If you live in the Environmentally Correct West
- specifically in places like California, or places
in the UK that are trying to be like California,
except with bad weather - the bag thing may not
seem so odd.
You'd call it a "recycling bin". Here,
though, if the bag bundle had a name it would
be more like "Cheap way to tote stuff."
Go to any major airport, train station or bus
depot and if you're looking for an Armenian, look
first at the hands. Plastic bag? Armenian. Specifically
so if the bag is printed in English on one side
and Farsi (Iran seems to have the corner on poly-vinyl-chloride
import here) on the other.
I've got a bag of bags in my kitchen. Next to
the sugar canister and strawberry preserves, it
bulges like a badly stuffed pillow. I know that
it wasn't there when I moved in, and I don't remember
consciously starting it. But like learning to
say "no problem" as an answer for everything
here, it just happened.
And while I'm in a confessional mood, I stipulate
to another sorry fact: I have sometimes planned
produce shopping based on which markets give the
best plastic bags. (They've got really high-quality
bags at the corner of . . . No, I'm keeping it
to myself.)
When I first moved here, I found it curious that
while carrying groceries or whatever along the
street, passersby always stared at the load. For
some time I thought they were trying to snoop
on what the goofy American had purchased. I've
come to believe, though, that they were checking
out the quality of the bag.
A sort of common man cell phone, plastic bag
quality is something of a status symbol.
Top of the line are the ones from Duty Free airport
shops, followed closely by the ones advertising
American cigarettes or French perfume. Those are
the ones I keep deep in my bag of bags; they're
not coming out for just any old transport need.
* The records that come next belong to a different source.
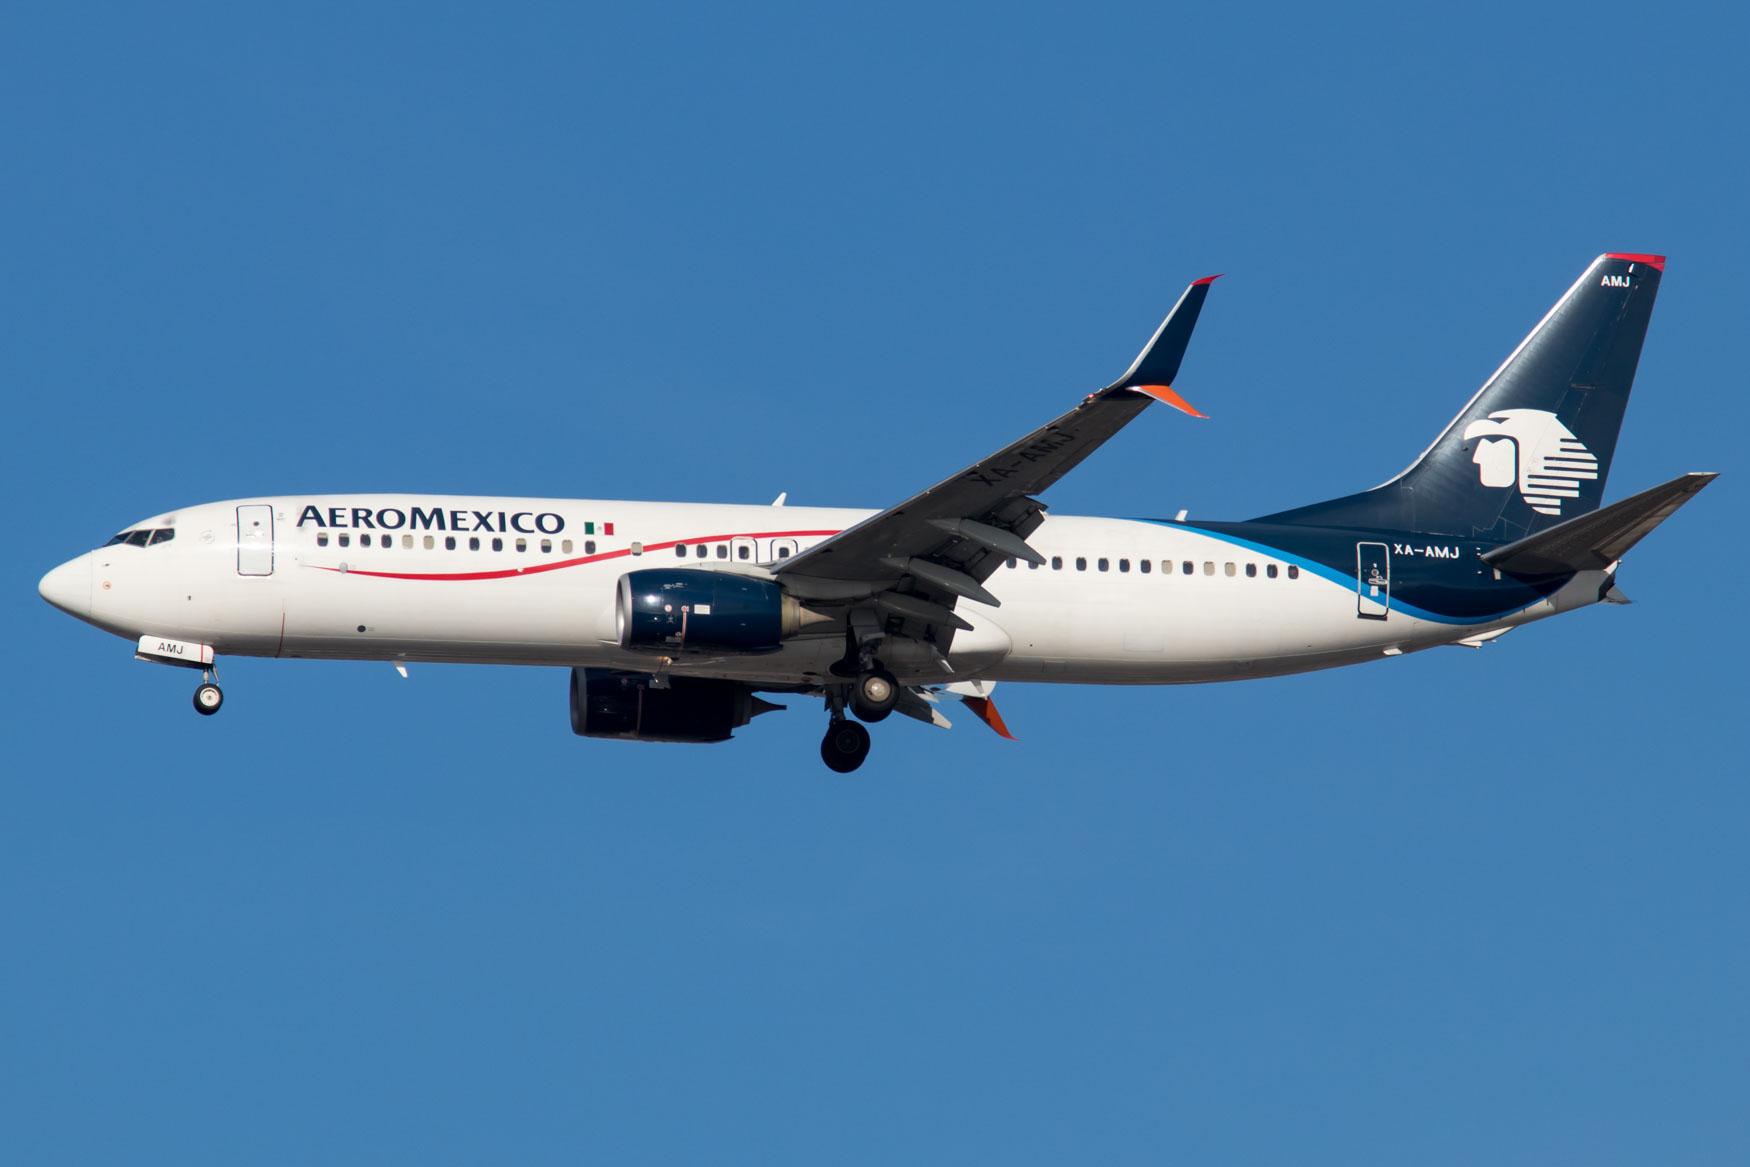 AeroMexico 737-800 Landing at JFK
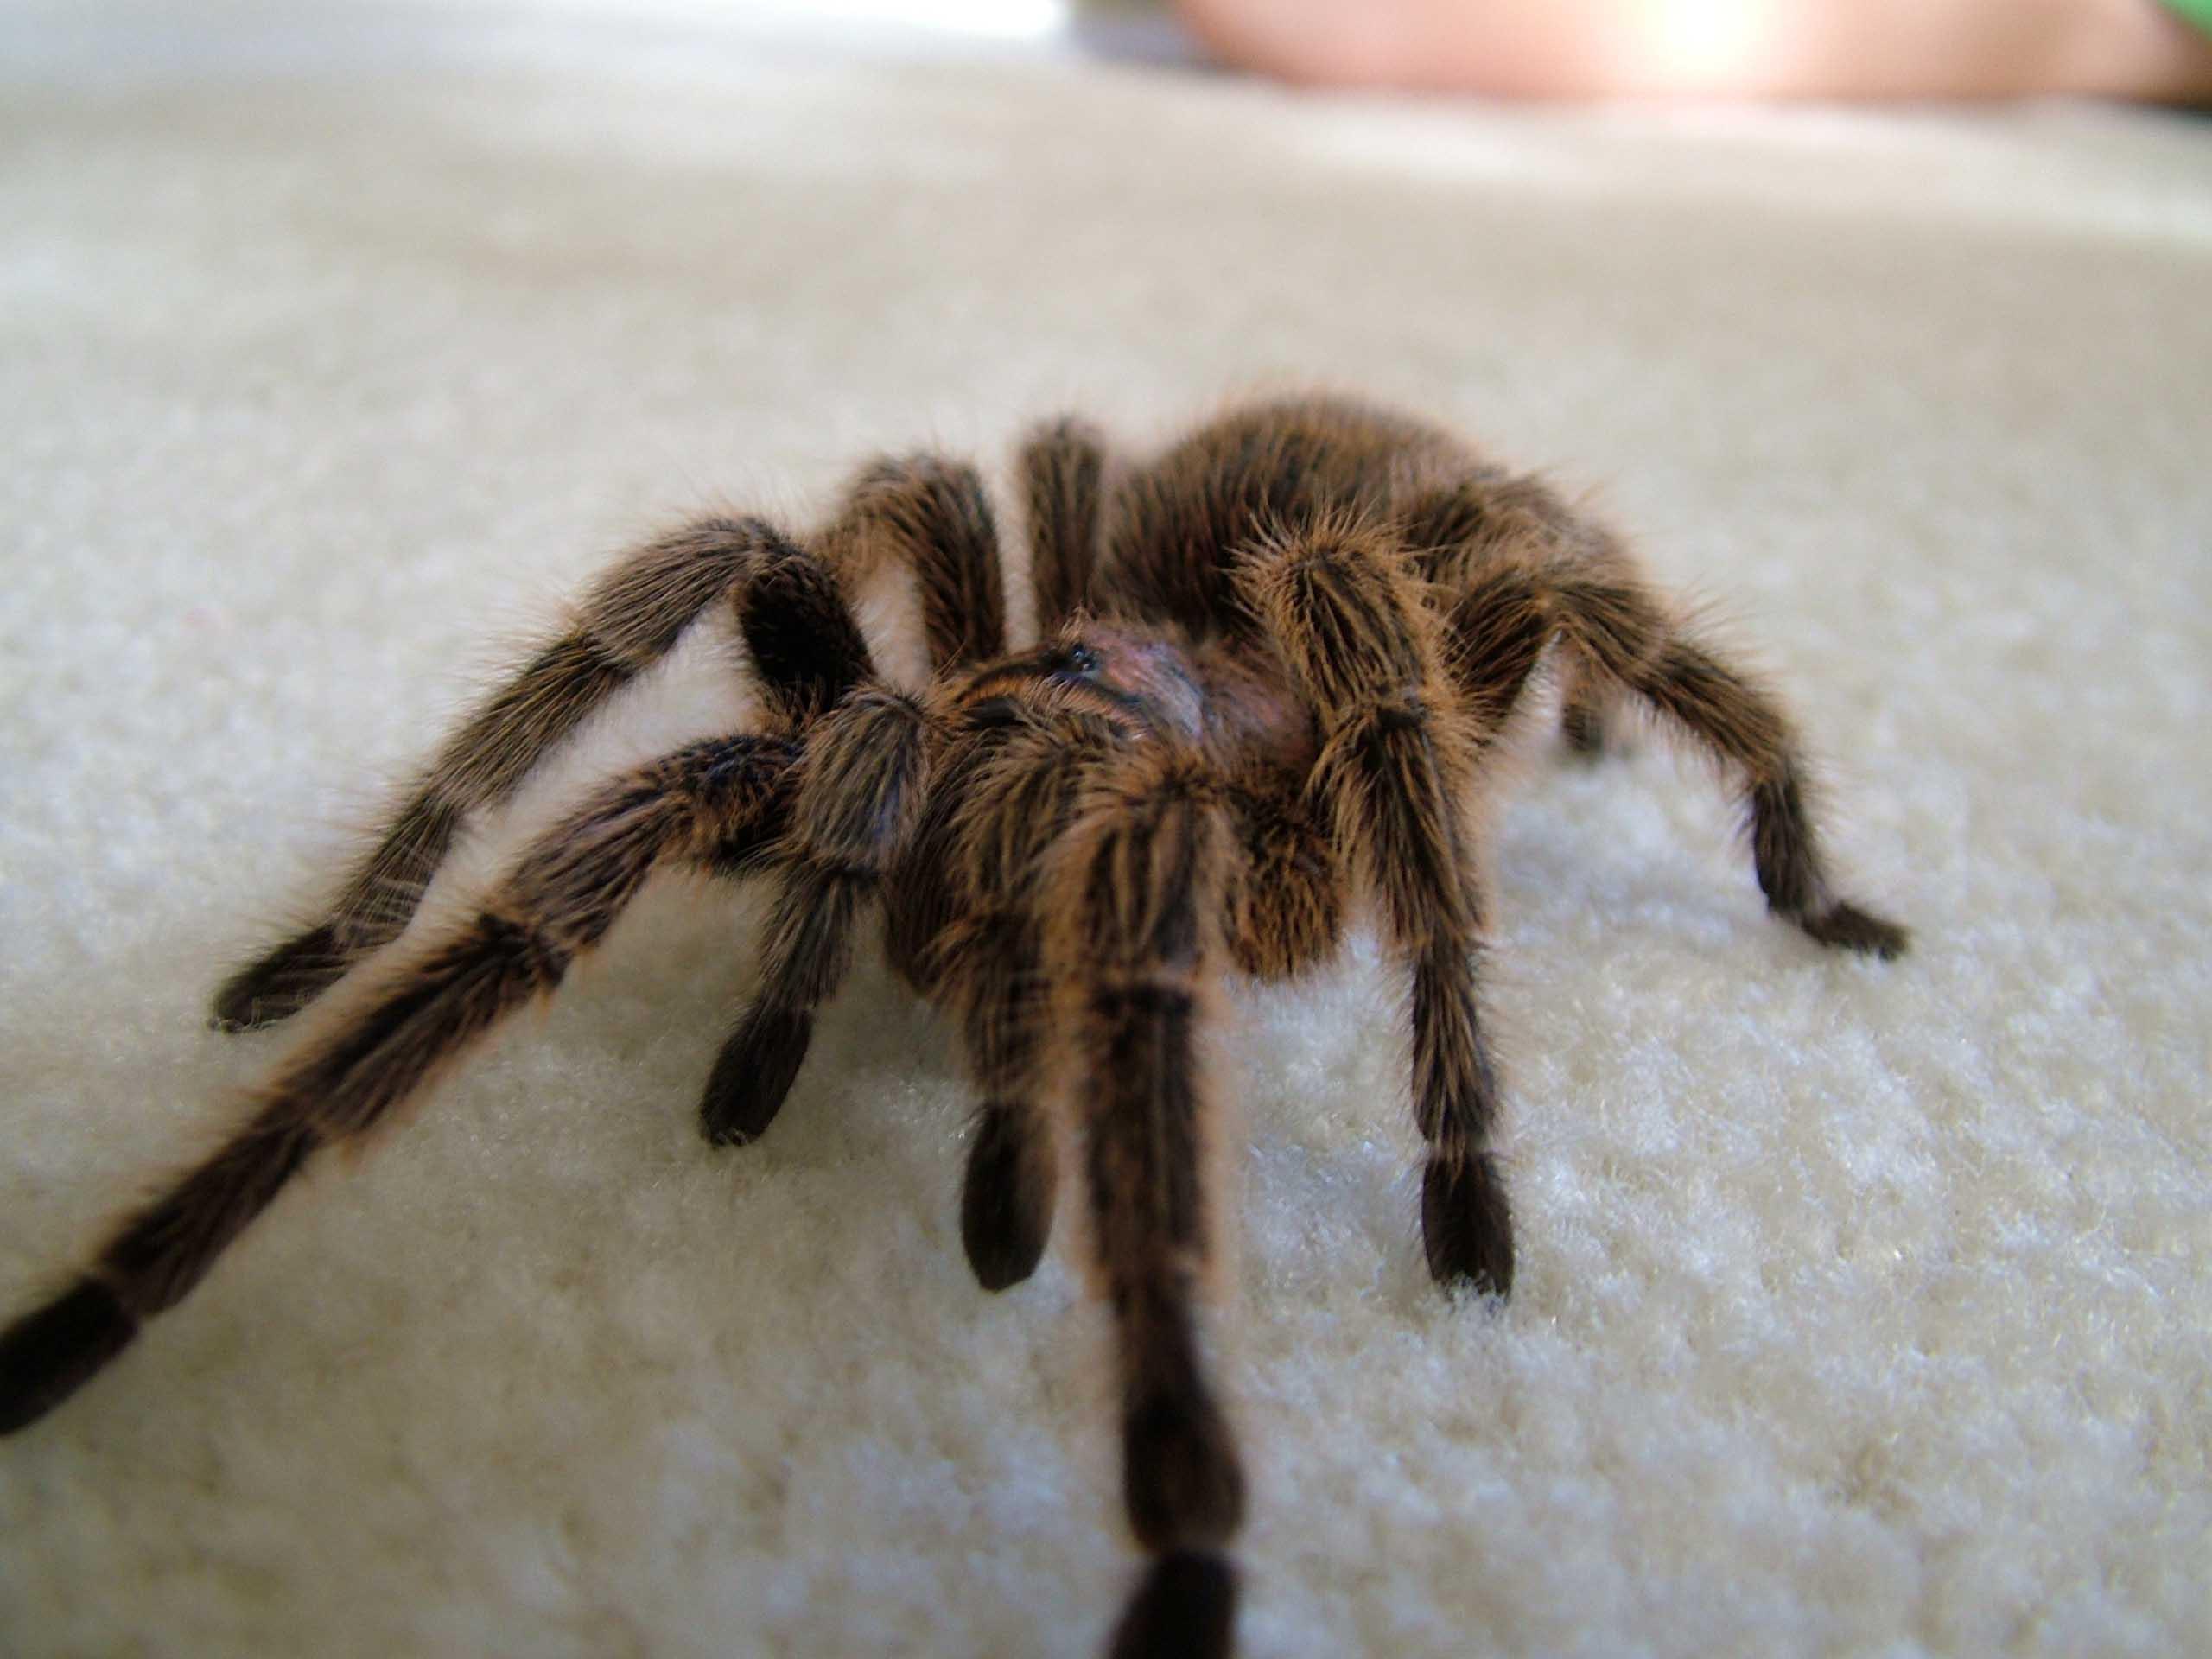 Moving Spider Wallpaper - WallpaperSafari
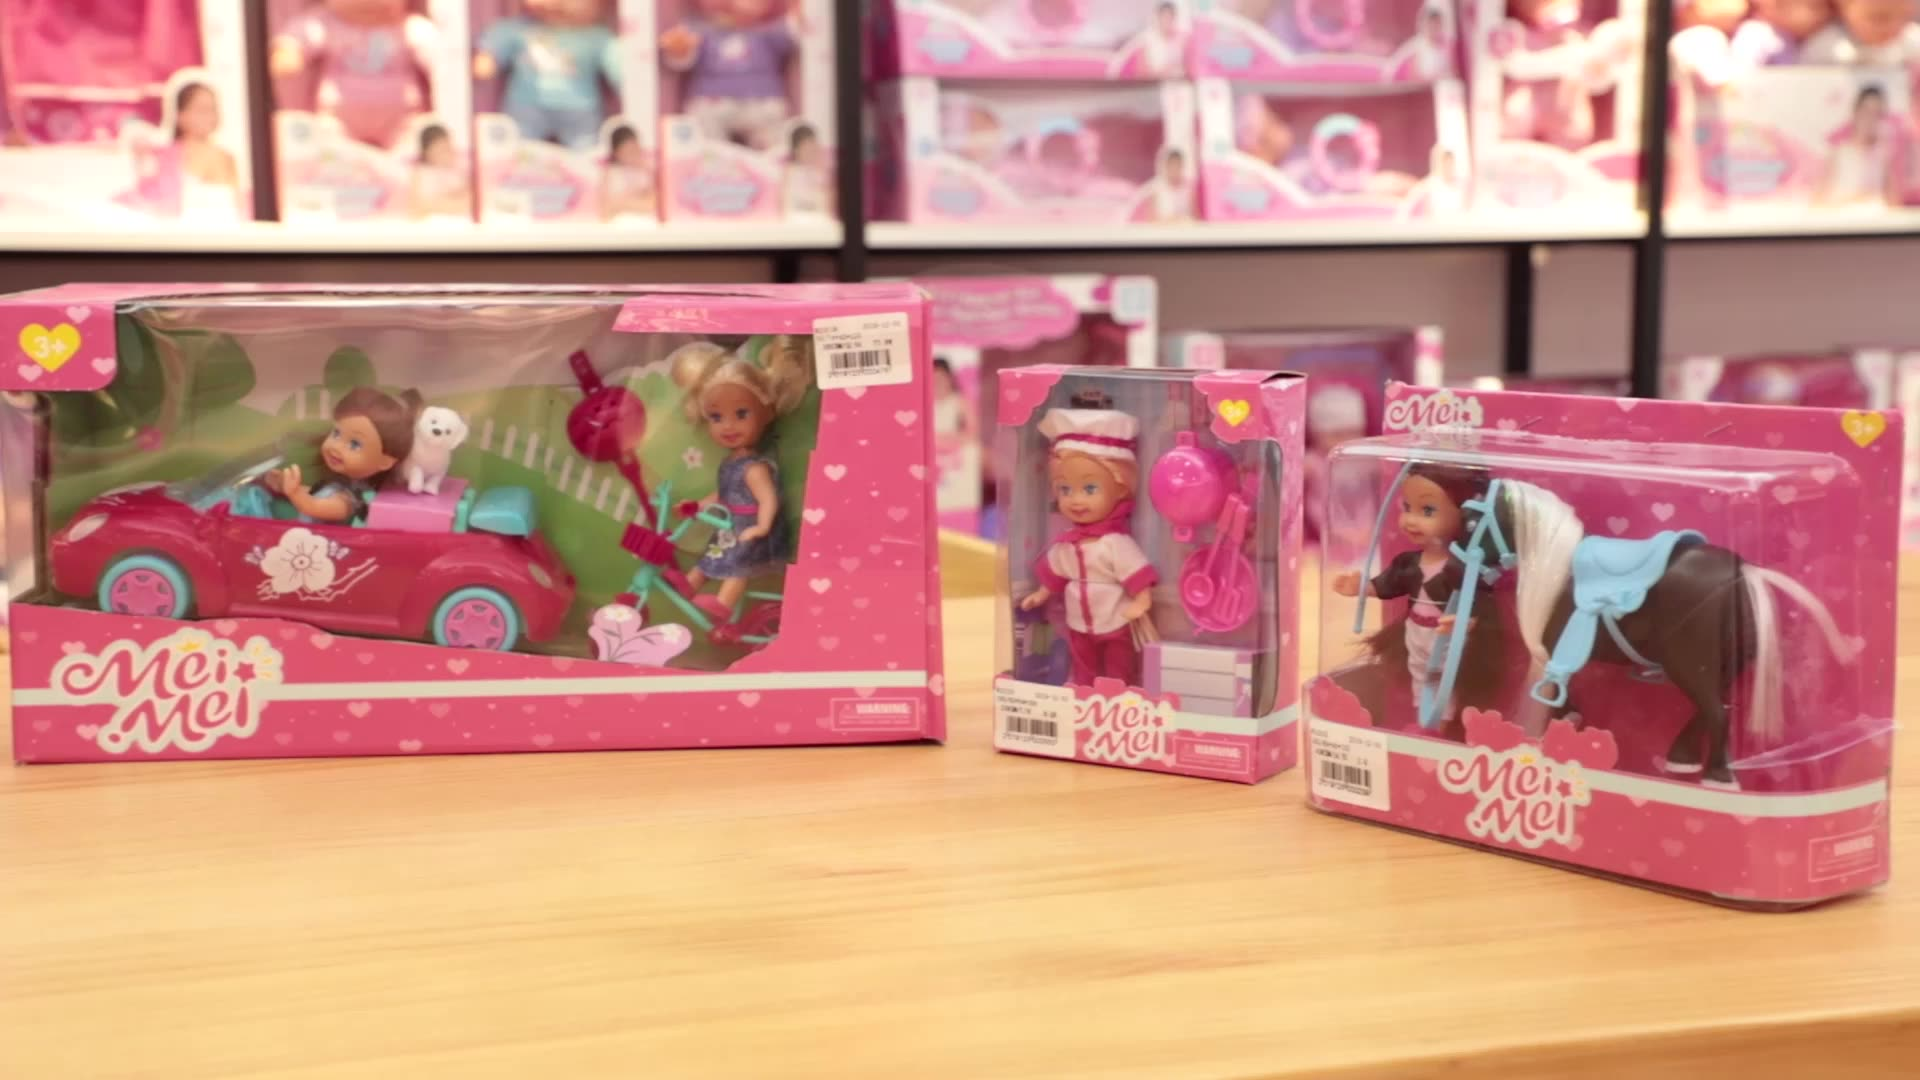 Modelo de estilo de juguete y silicona suave recién llegado muñecas de bebé recién nacido para la venta

If you haven't spent time here, you probably
think I'm making this up. So I offer the following
anecdote as defense of my cultural hypothesis:
Earlier this week an associate and I went to
the bank to withdraw monthly expenses for the
newsroom.
"Should we take a plastic bag to put the
money in," I said to him. These are not words
I've ever said concerning an act of commerce abroad.
But even that is beside the point and less evidence
of the bag influence on this society than the
following:
My colleague replied to me: "They'll probably
give us one at the bank. Anyway, I think I've
got one."
Just like that. Do I need to tell you that he
is Armenian?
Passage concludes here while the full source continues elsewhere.